• [WHAT THE TASK ASKS]: Without any pictures, print the lines below from the one that has "Textura de la" through the one that has "Khadi Jasmine Soap", exactly and nothing else.

• [MATERIAL PROVIDED]:
····················

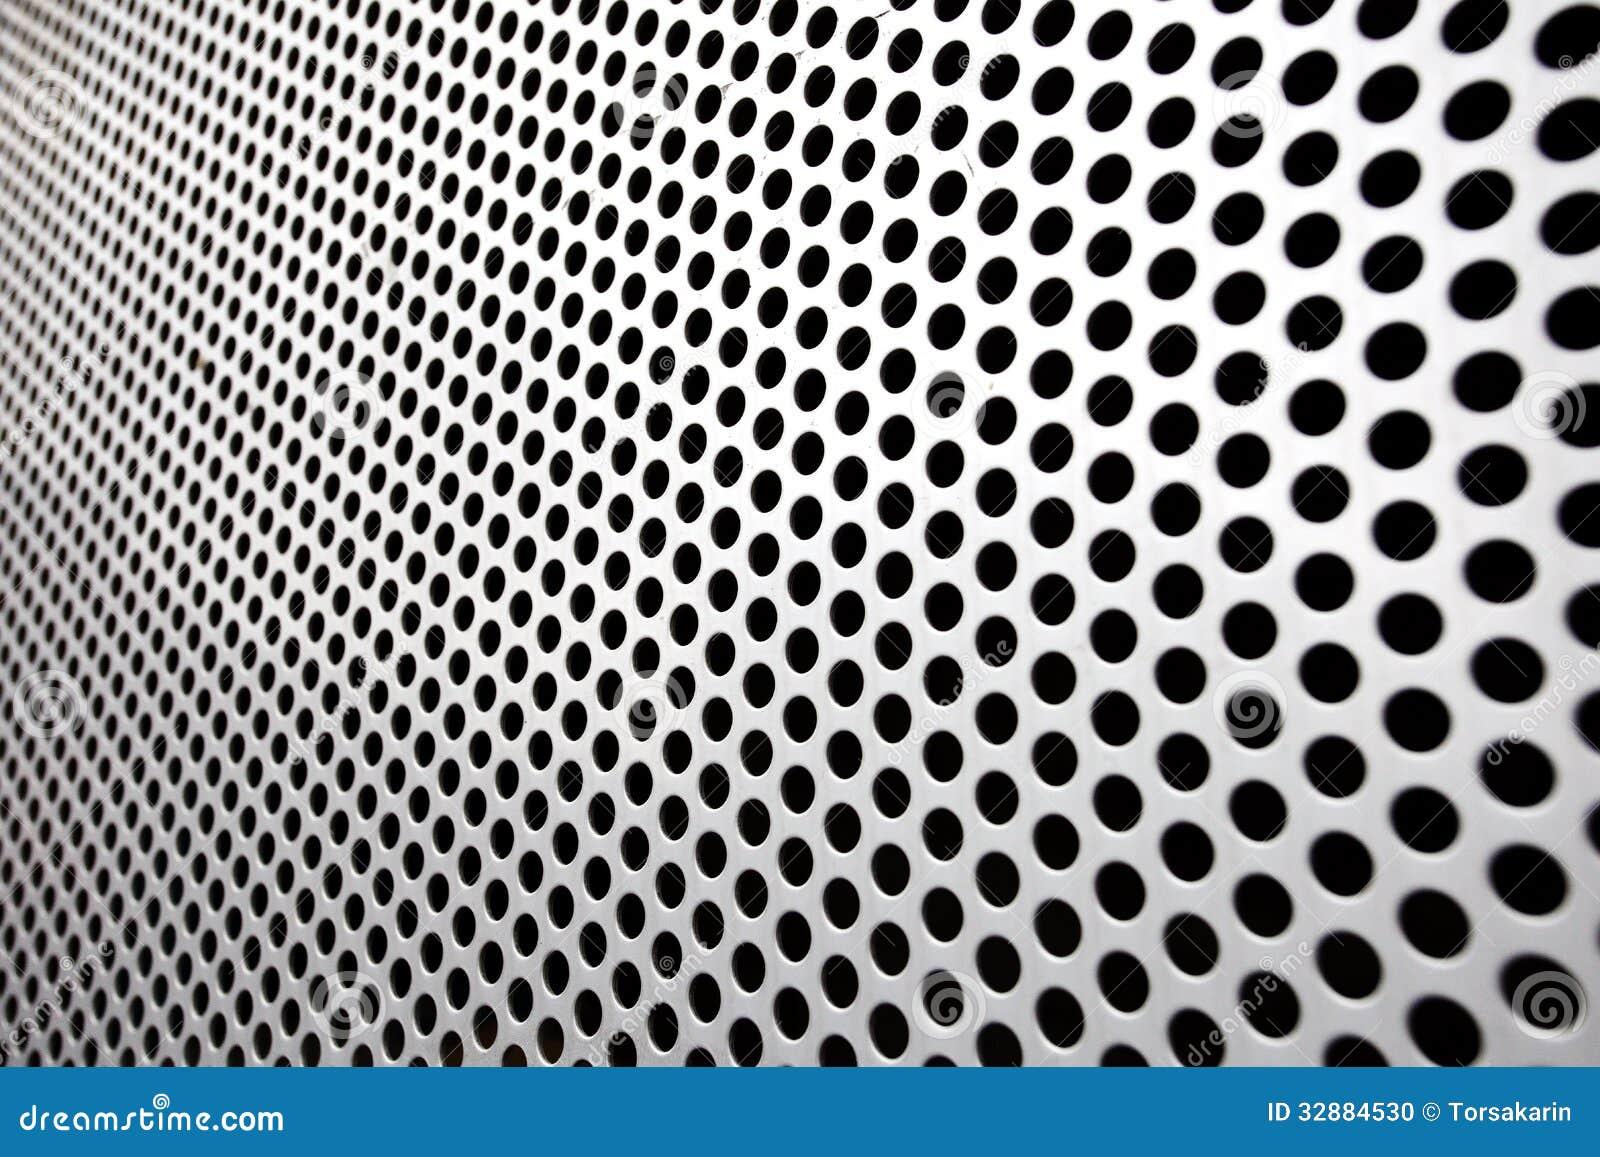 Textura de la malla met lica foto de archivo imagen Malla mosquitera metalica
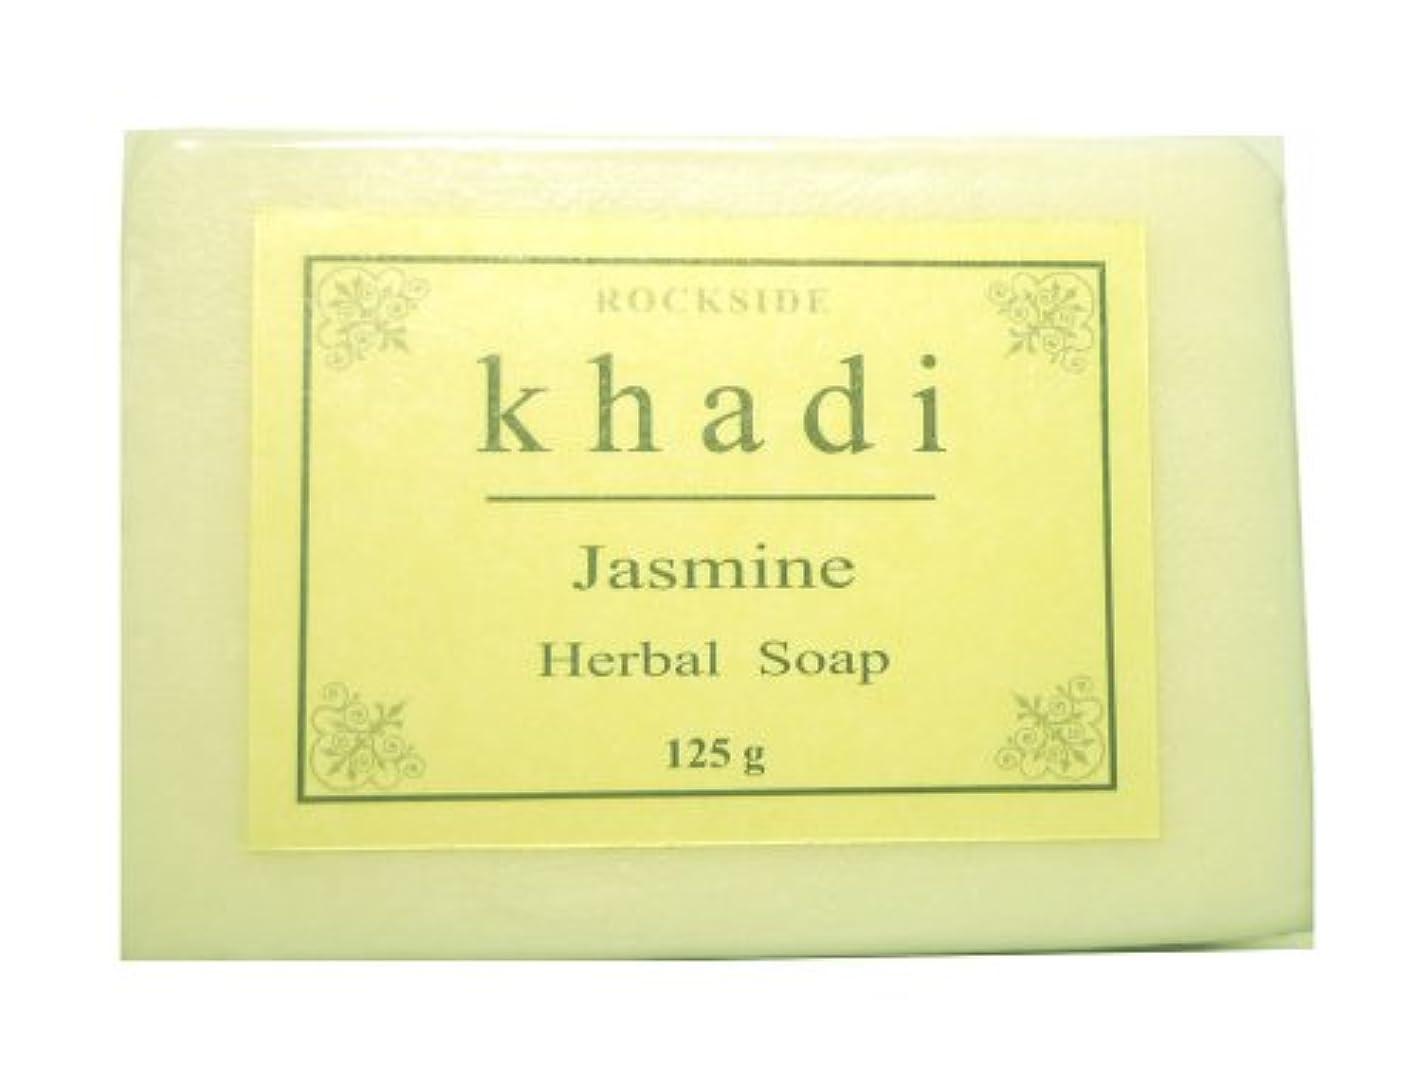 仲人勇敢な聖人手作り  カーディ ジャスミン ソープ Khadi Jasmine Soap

····················

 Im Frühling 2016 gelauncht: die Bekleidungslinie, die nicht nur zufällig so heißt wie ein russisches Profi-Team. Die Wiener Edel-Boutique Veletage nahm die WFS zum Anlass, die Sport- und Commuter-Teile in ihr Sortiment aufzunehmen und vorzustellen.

····················

• [EXPECTED OUTPUT]:
 Textura de la malla met lica foto de archivo imagen Malla mosquitera metalica
 仲人勇敢な聖人手作り  カーディ ジャスミン ソープ Khadi Jasmine Soap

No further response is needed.